All of the data, except its images, should be set down exactly as it appears.

━━ Recorded information ━━

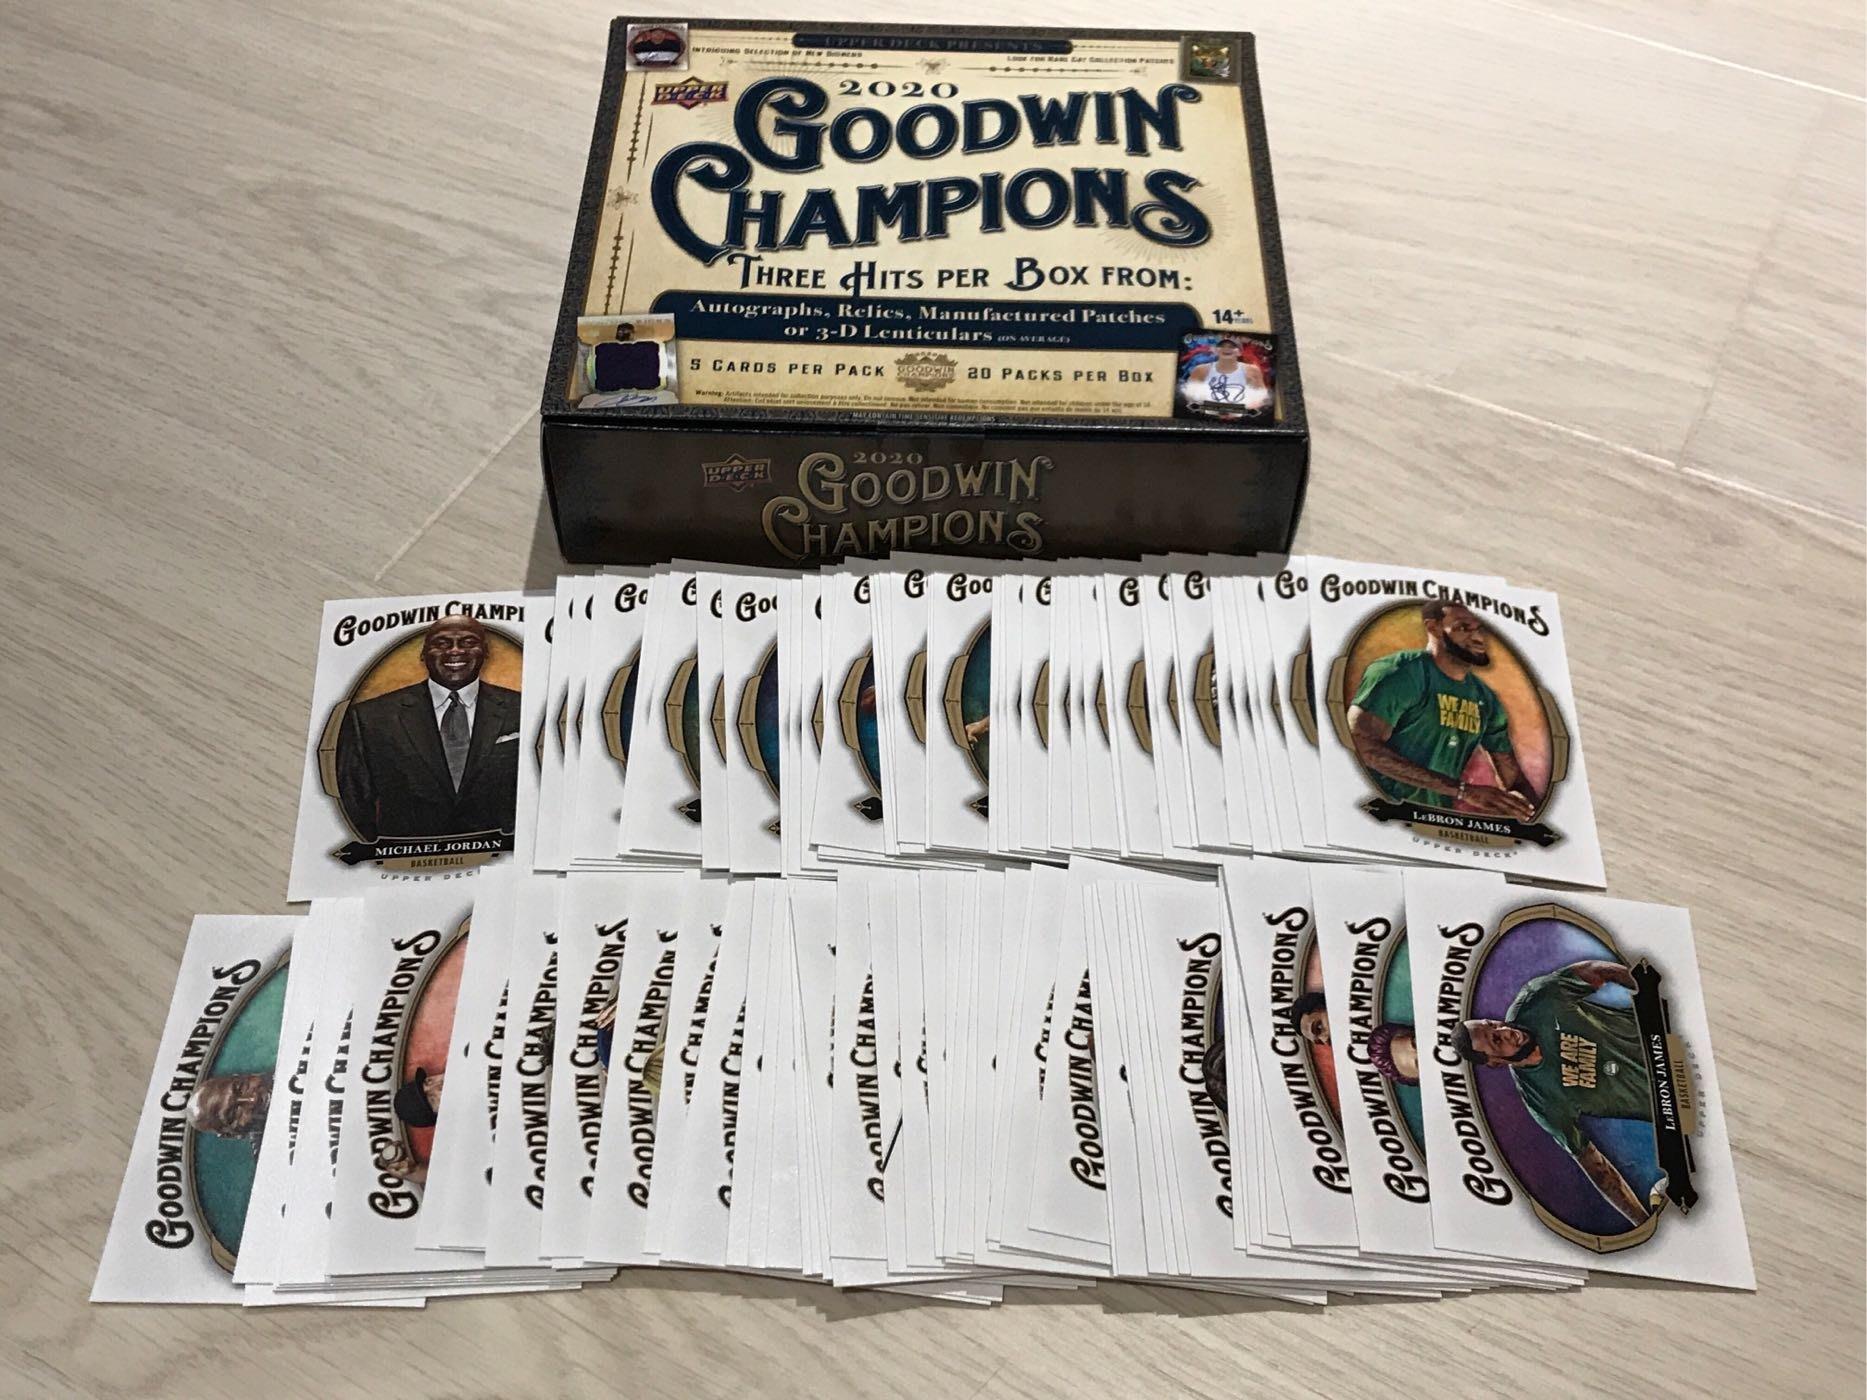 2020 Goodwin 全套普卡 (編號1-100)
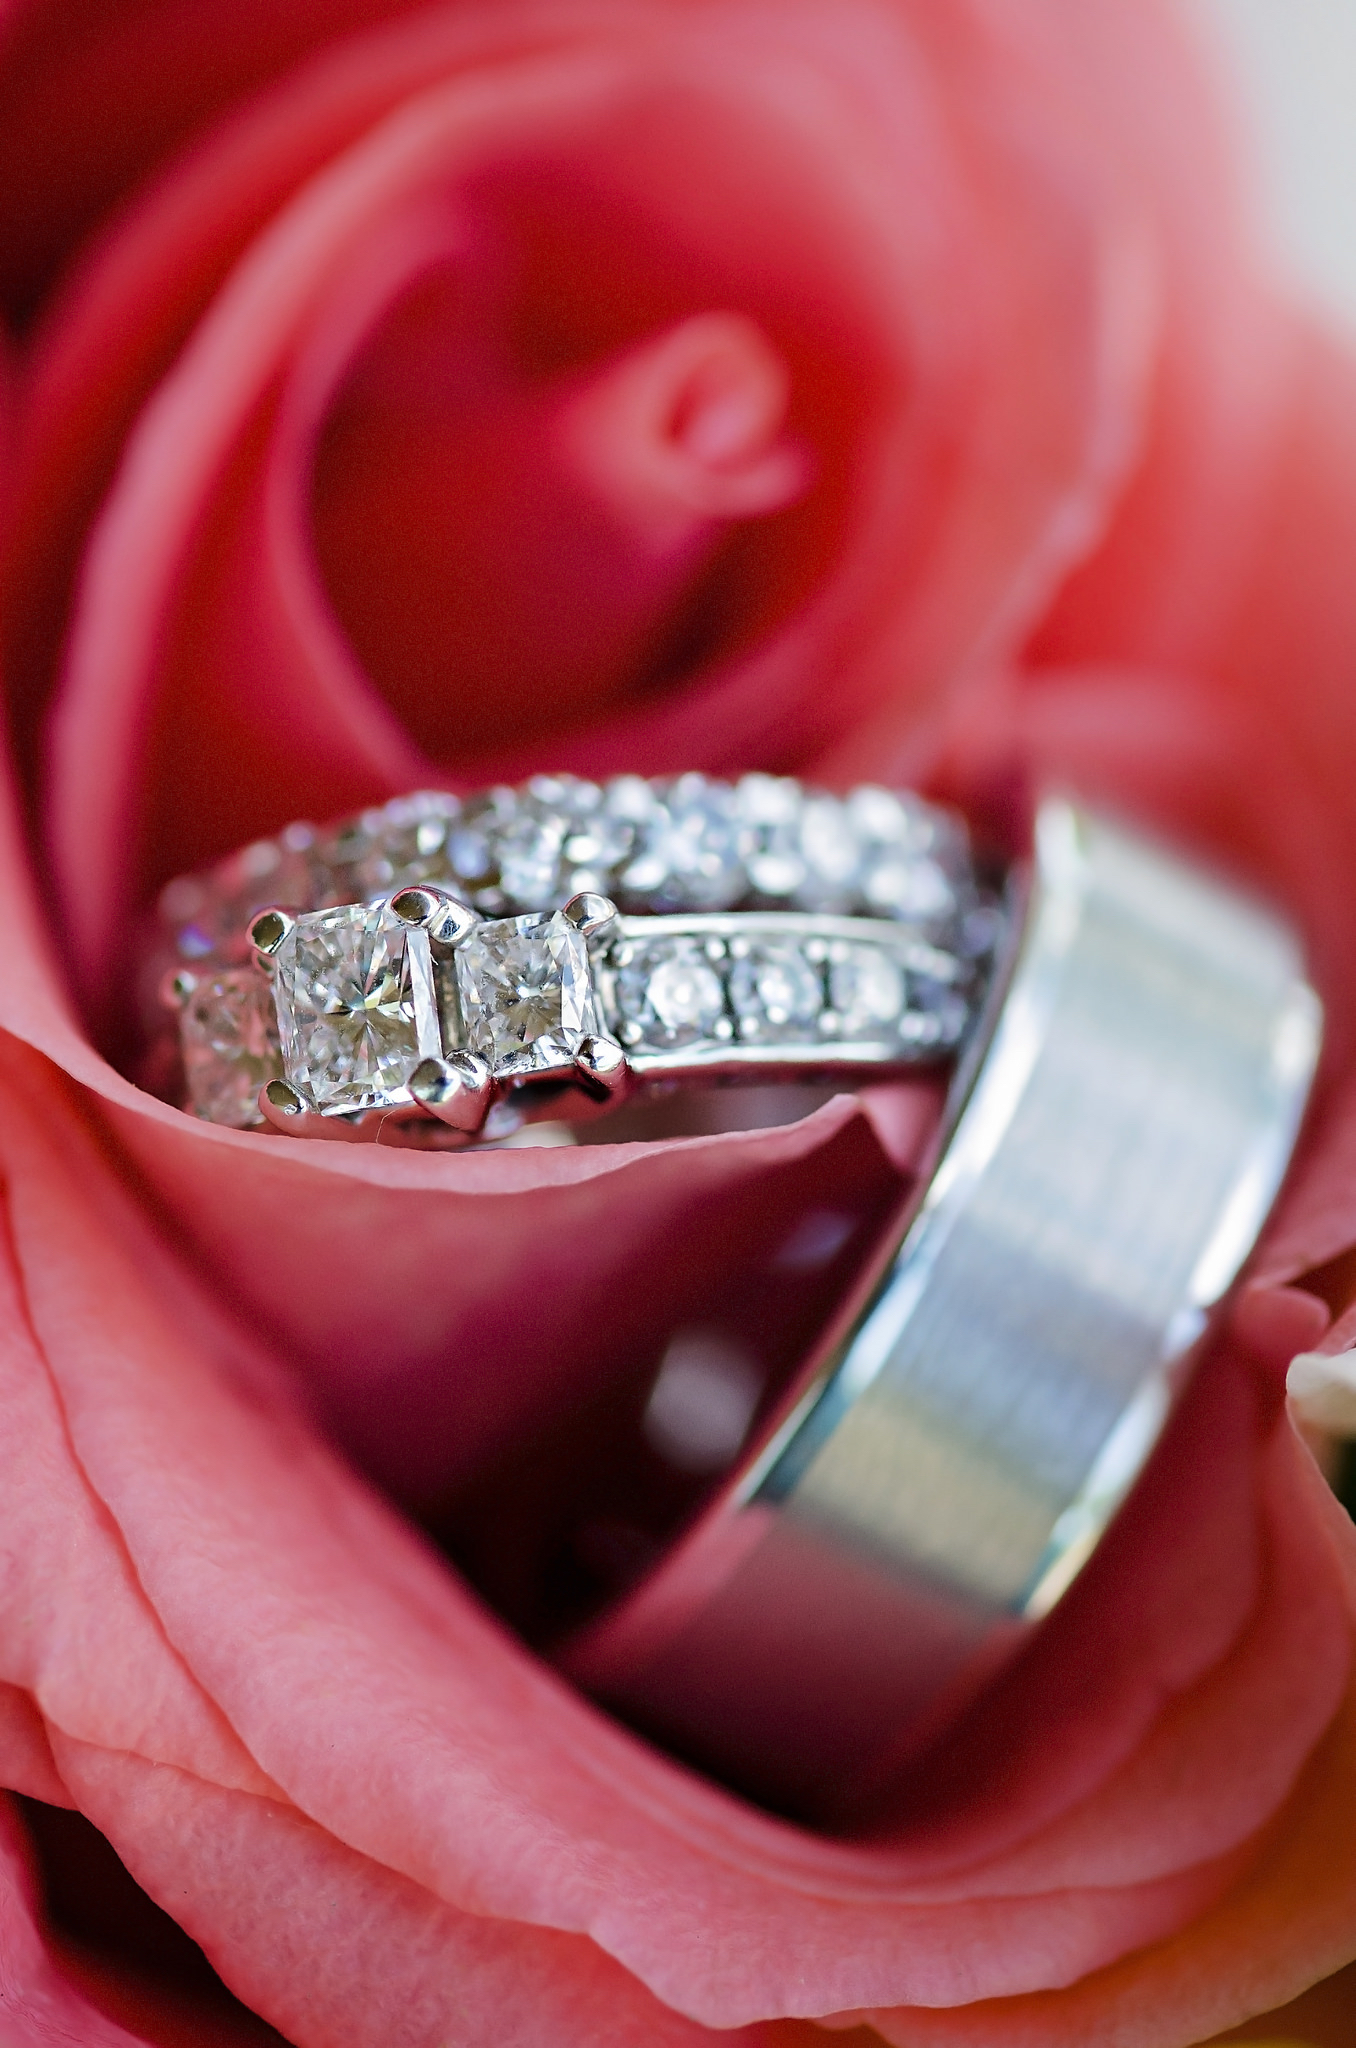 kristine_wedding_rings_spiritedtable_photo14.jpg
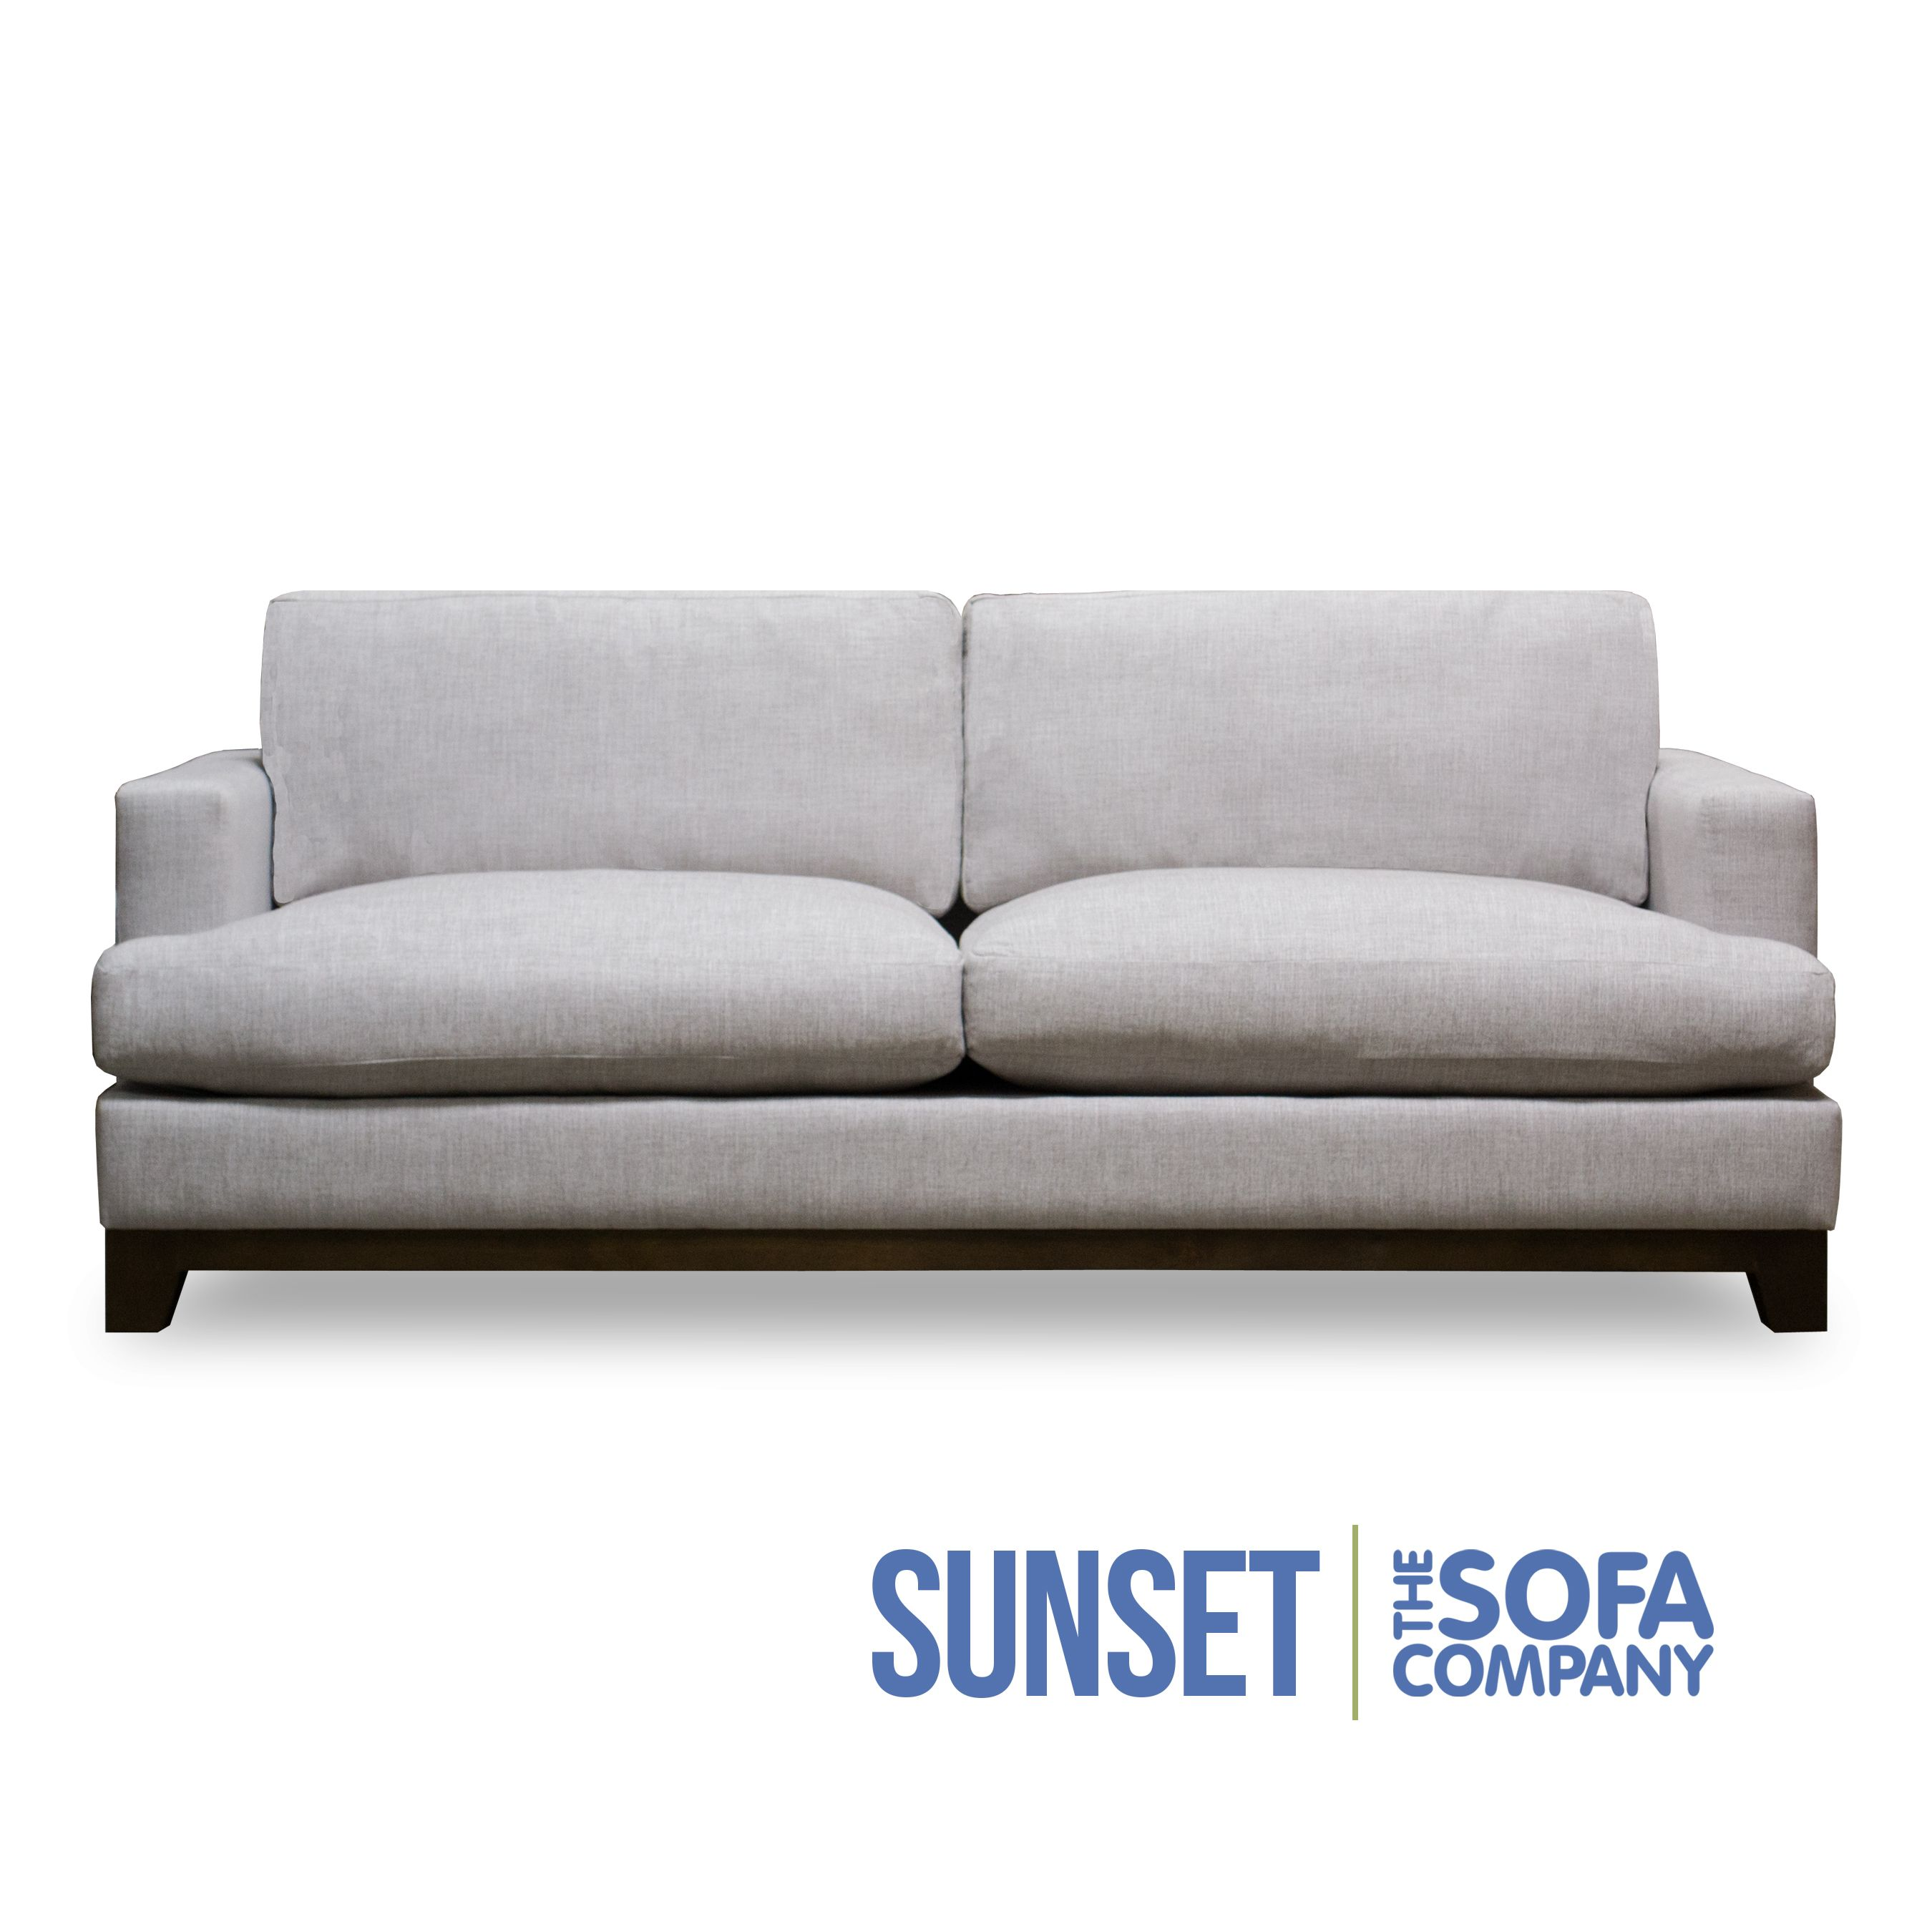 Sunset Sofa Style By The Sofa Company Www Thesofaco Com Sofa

━━━

Solution for this exercise:
 2020 Goodwin 全套普卡 (編號1-100)
 kristine_wedding_rings_spiritedtable_photo14.jpg
 Sunset Sofa Style By The Sofa Company Www Thesofaco Com Sofa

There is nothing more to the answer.